- Album list
- Singer Intro
Samuel John 'Lightnin'' Hopkins (March 15, 1912 – January 30, 1982) was an American country blues singer, songwriter, guitarist, and occasional pianist, from Centerville, Texas. Rolling Stone magazine ranked him number 71 on its list of the 100 greatest guitarists of all time.
Style
Hopkins's style was born from spending many hours playing informally without a backing band. His distinctive fingerstyle technique often included playing, in effect, bass, rhythm, lead, and percussion at the same time.[citation needed] He played both 'alternating' and 'monotonic' bass styles incorporating imaginative, often chromatic turnarounds and single-note lead lines. Tapping or slapping the body of his guitar added rhythmic accompaniment.
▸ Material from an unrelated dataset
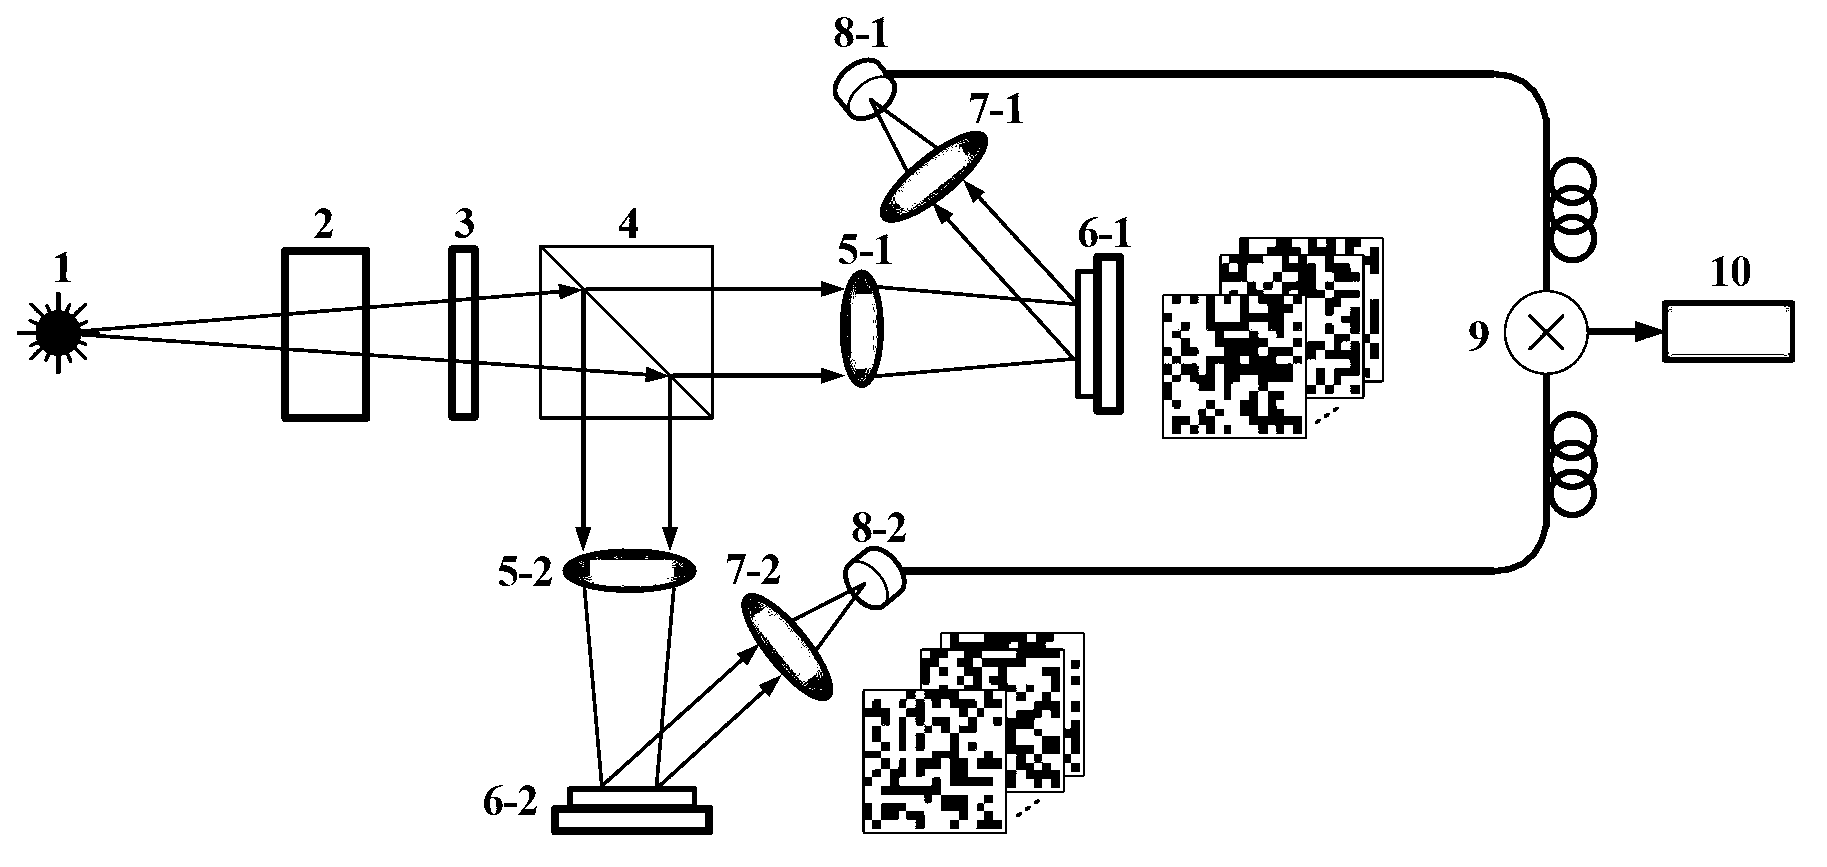 Entanglement imaging system and method based on dual-compression coincidence measurements
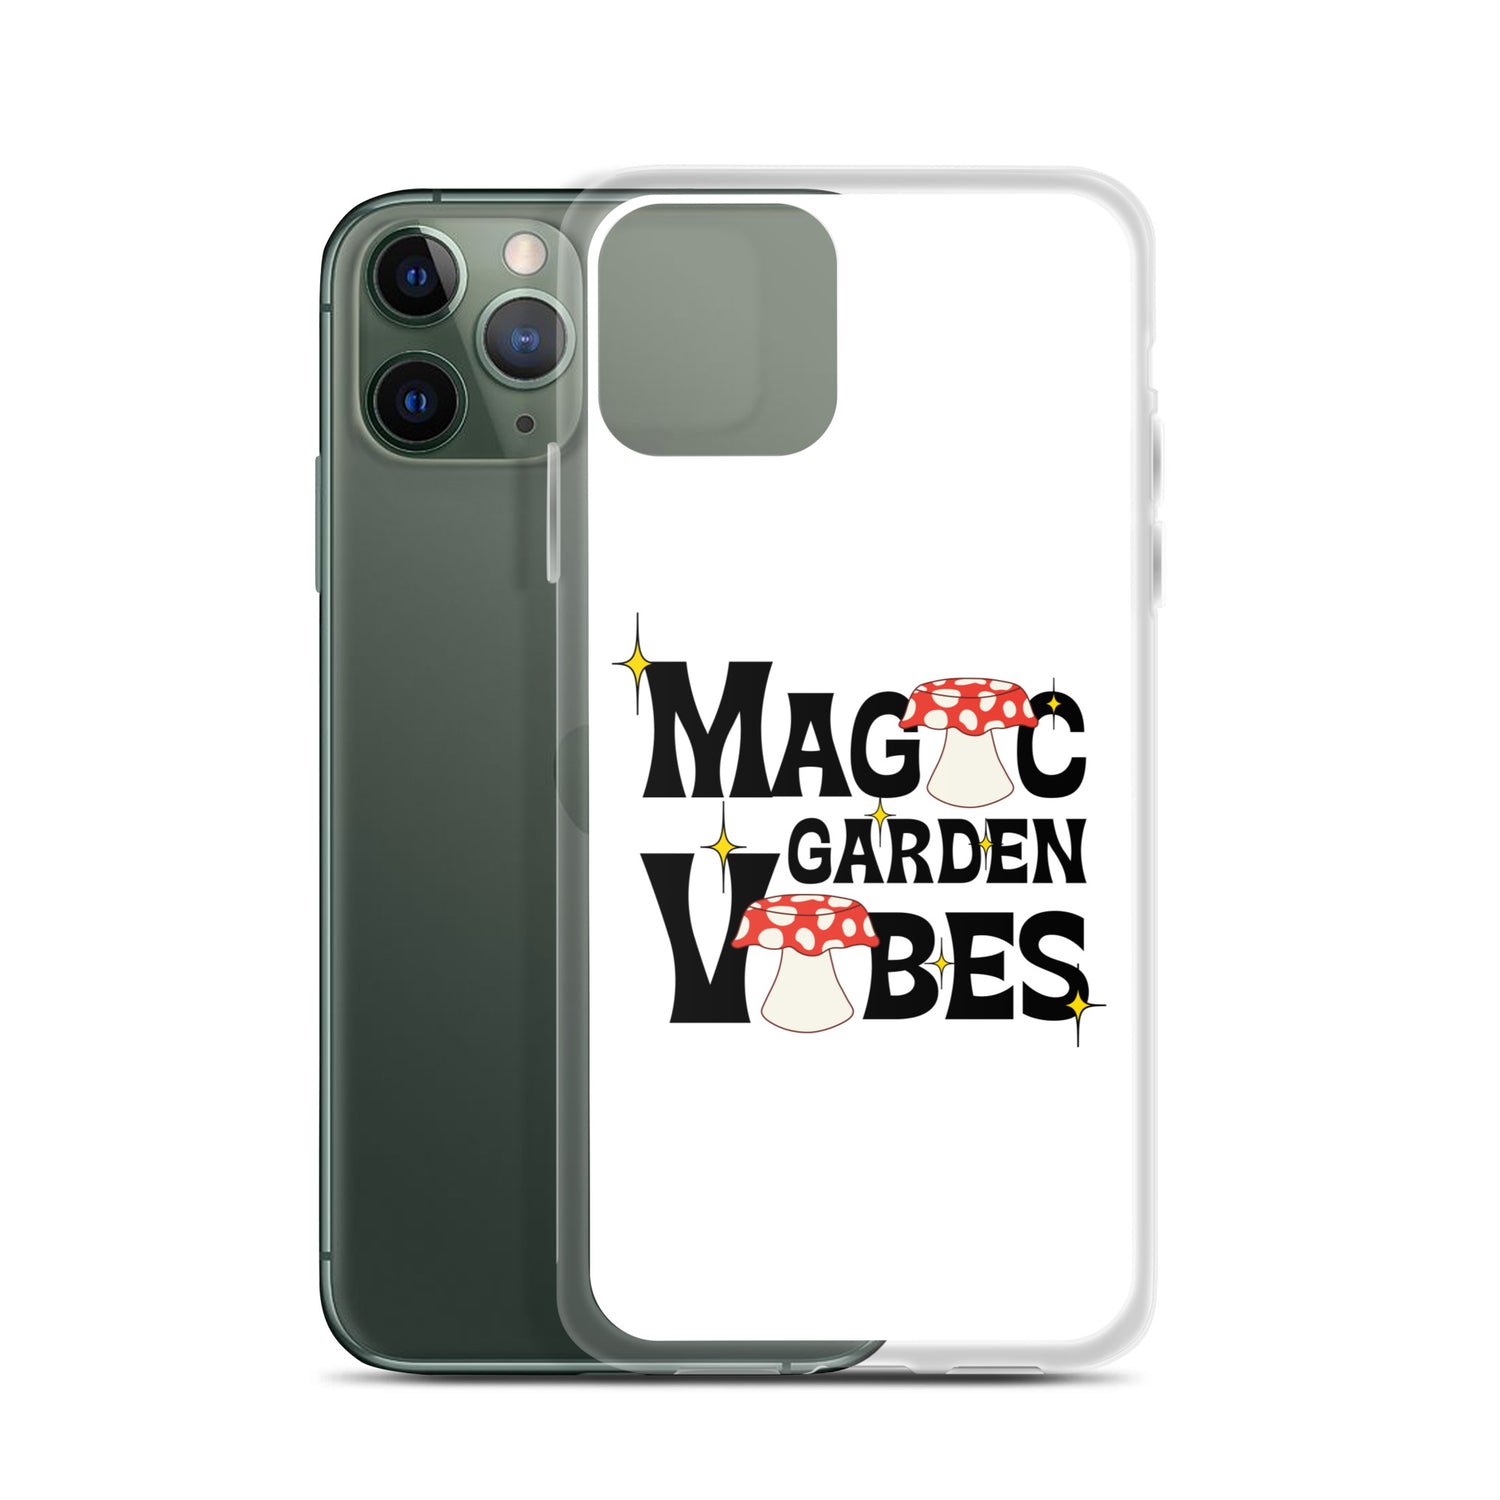 MG Vibes iPhone Cover, White

Much of Hopkins's music follows the standard 12-bar blues template, but his phrasing was free and loose. Many of his songs were in the talking blues style, but he was a powerful and confident singer.[citation needed] Lyrically, his songs expressed the problems of life in the segregated South, bad luck in love and other subjects common in the blues idiom. He dealt with these subjects with humor and good nature. Many of his songs are filled with double entendres, and he was known for his humorous introductions to songs.[citation needed]
Some of his songs were of warning and sour prediction, such as 'Fast Life Woman':
You may see a fast life woman sittin' round a whiskey joint, Yes, you know, she'll be sittin' there smilin', 'Cause she knows some man gonna buy her half a pint, Take it easy, fast life woman, 'cause you ain't gon' live always...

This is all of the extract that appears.